Хоть было еще очень рано, на мосту уже стали появляться редкие фигуры прохожих. Не прошло и половины первой стражи с тех пор, как Миядзи вошел в сторожку, а небо уже полностью осветилось, алое зарево угасло, и наступил ясный осенний день, как нельзя более подходящий для празднества.
Все чаще стало слышаться легкое постукивание гэта[94] — и кома-гэта, и хиёри-гэта. Появился Канэёси по прозвищу Сосна-Оборотень, рассыльный и подручный Ватанабэ, которому тот раз в полгода выдавал один бу денег на мелкие расходы, — человек зоркий, ничем не уступавший служащим у Ватанабэ охранникам.
Порыв ветра принес с берега бодрые звуки флейты и барабанов — это заиграл праздничный оркестр. Канэёси куда-то исчез, но вскоре вернулся вместе с молодцеватым парнем — как видно, работником харчевни при постоялом дворе; с руки у него свисал деревянный короб, в каких разносят еду заказчикам.

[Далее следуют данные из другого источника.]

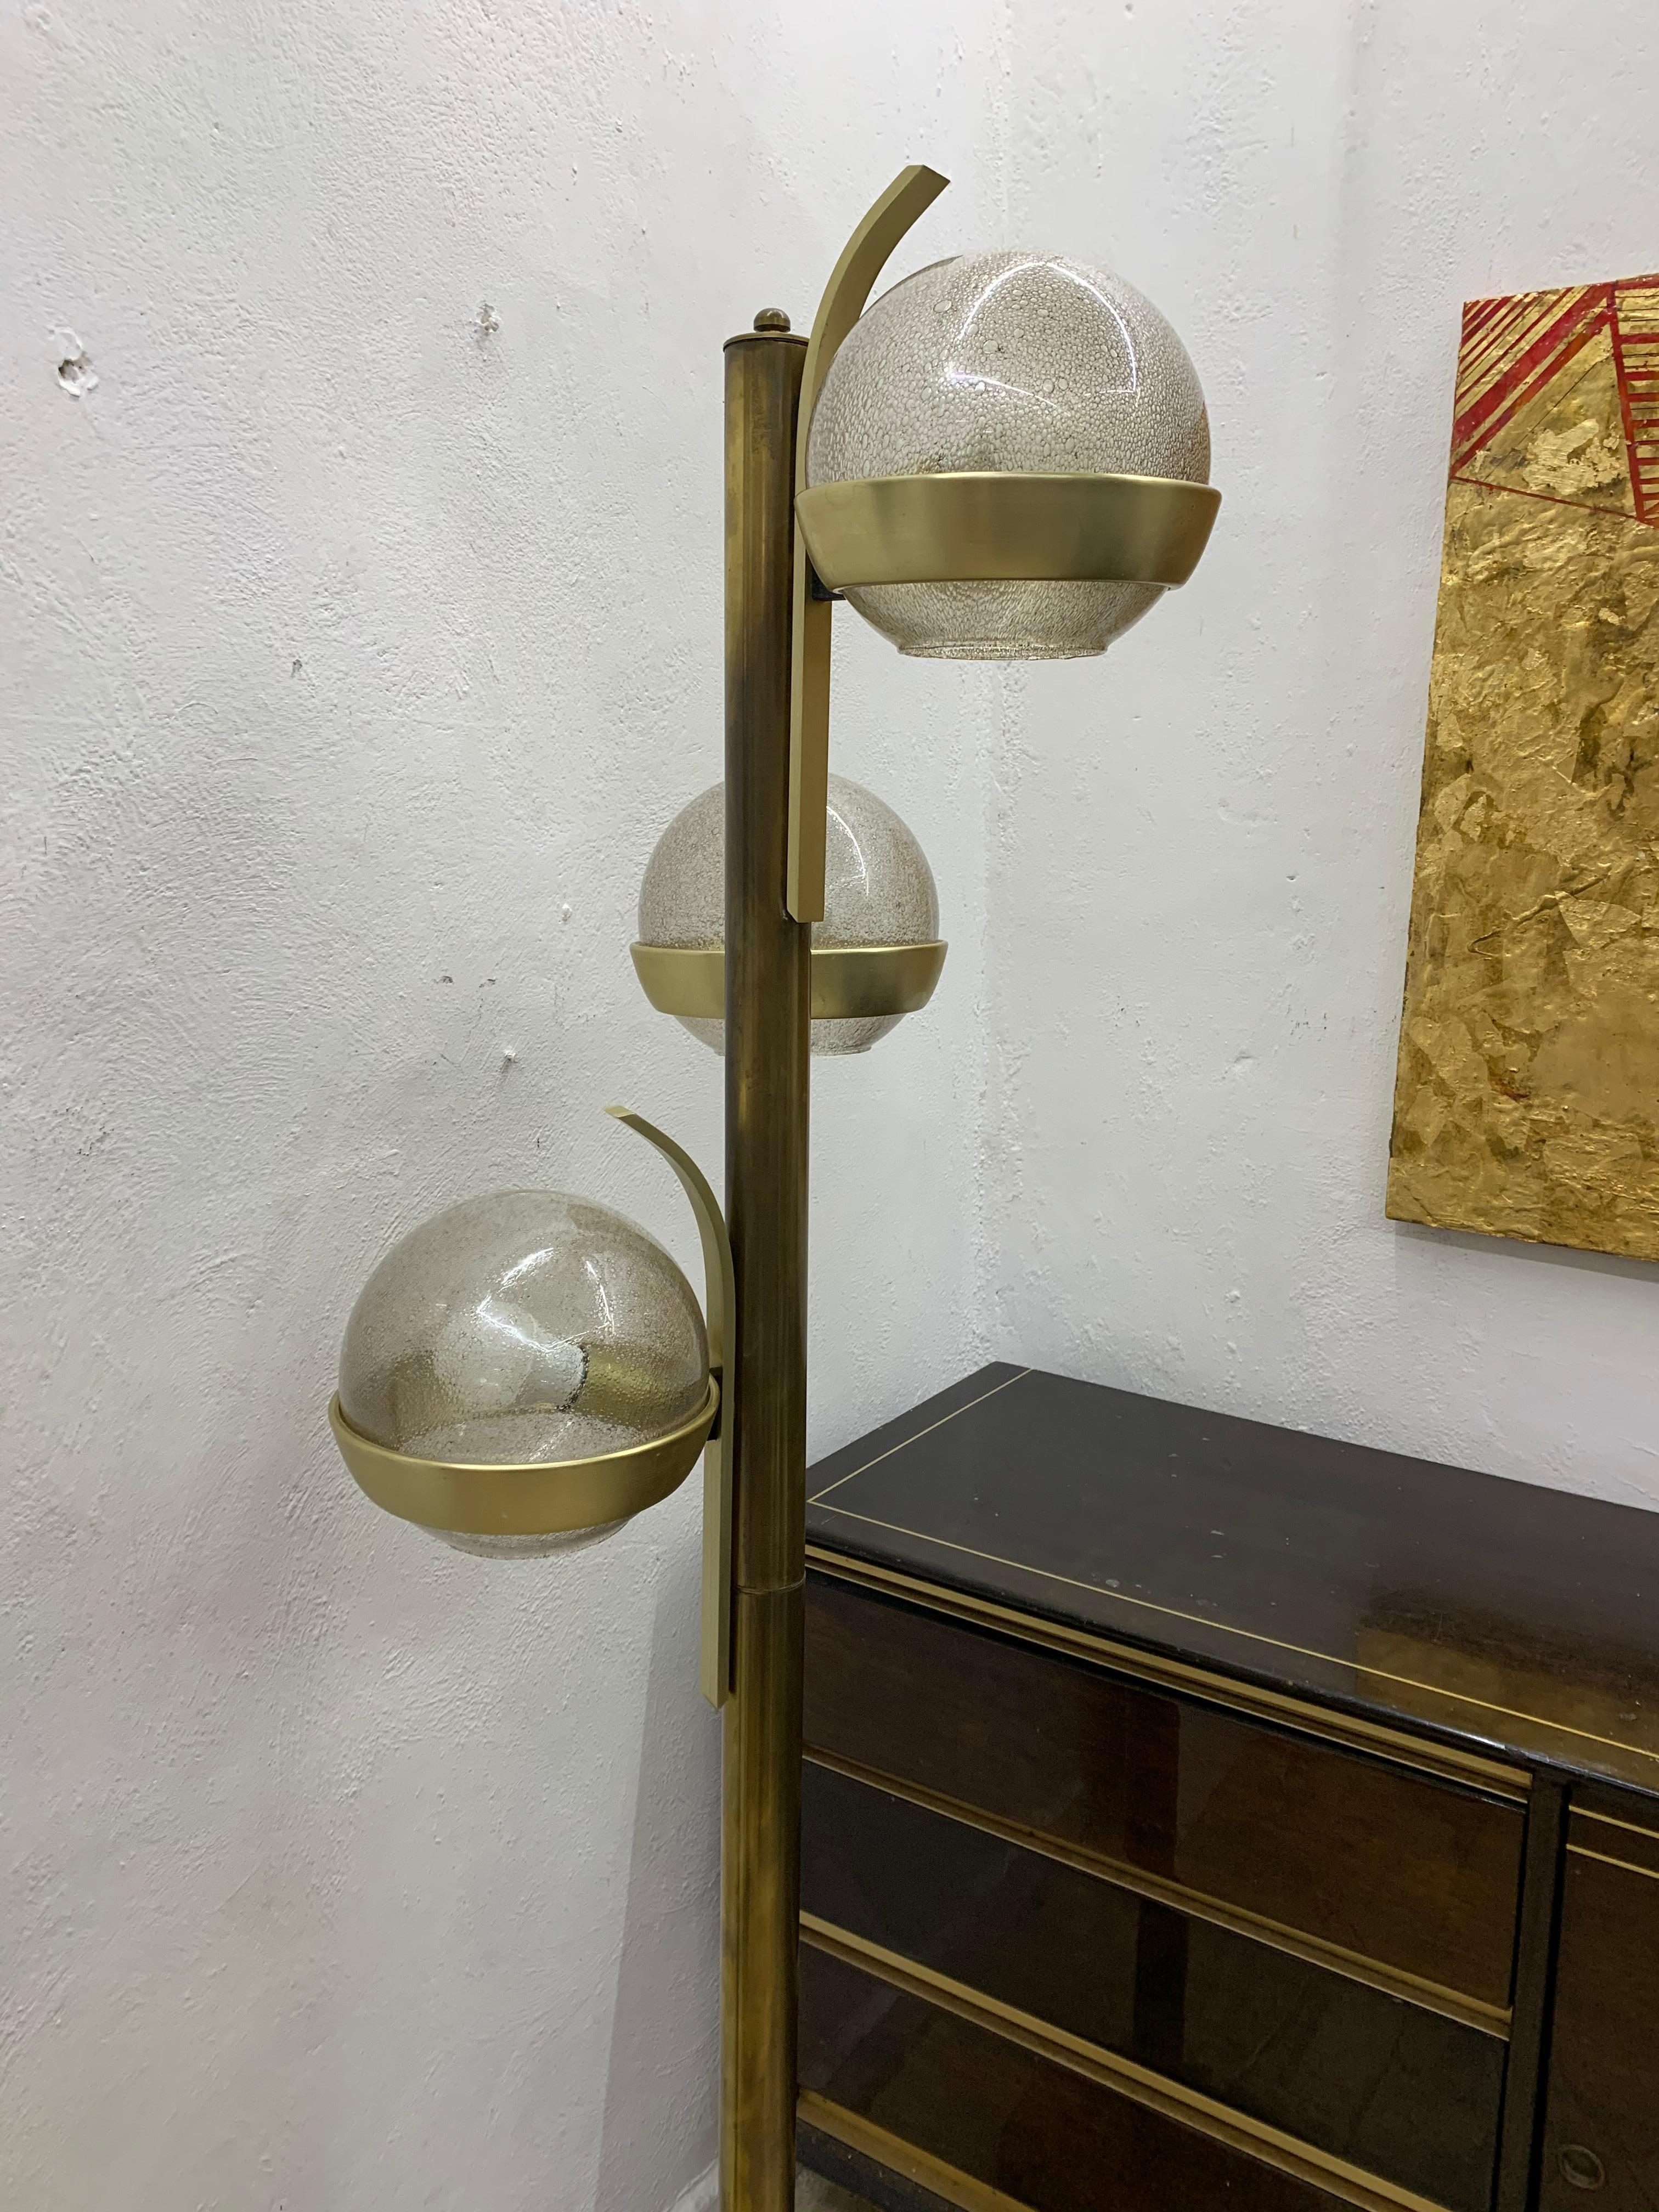 Space Age Floor Lamp by Lumi in Brass and Murano Glass, circa 1960s For Sale 1

— Господин начальник Миядзи! — сказал Канэёси. — Господа Окуяма и Юаса сегодня чем свет поднялись. Думаю, у них уже начало кишки сводить…
Принесли угощение — большой кувшин сакэ и маленькие чарки по числу людей, а на узорчатом блюде — красиво уложенные суси и нарезанные кубиками — на один укус — разнообразные закуски.
— Ты что это, Канэ? За свой счет, что ли?
— Да нет, хотя хотелось бы. Это я шепнул пару слов Гондзю из квартала Мондзэннака-тё, воротиле здешнему. Как же иначе-то, ежели вдруг в его квартале да такие важные люди из полицейской управы для надзора за праздником собрались… Сами-то мы не просим, но перекусить-то надо. Ведь праздник же!
— Нечего, нечего. Ну, суси — еще куда ни шло. Но сакэ выпьешь — будет видать. Да и запах, когда дыхнешь… Ватанабэ заметит — задаст перцу…
— Да ничего не будет! Вы же тут на ветру продрогли до костей. Ну подумаешь — опрокинете чарочку-другую…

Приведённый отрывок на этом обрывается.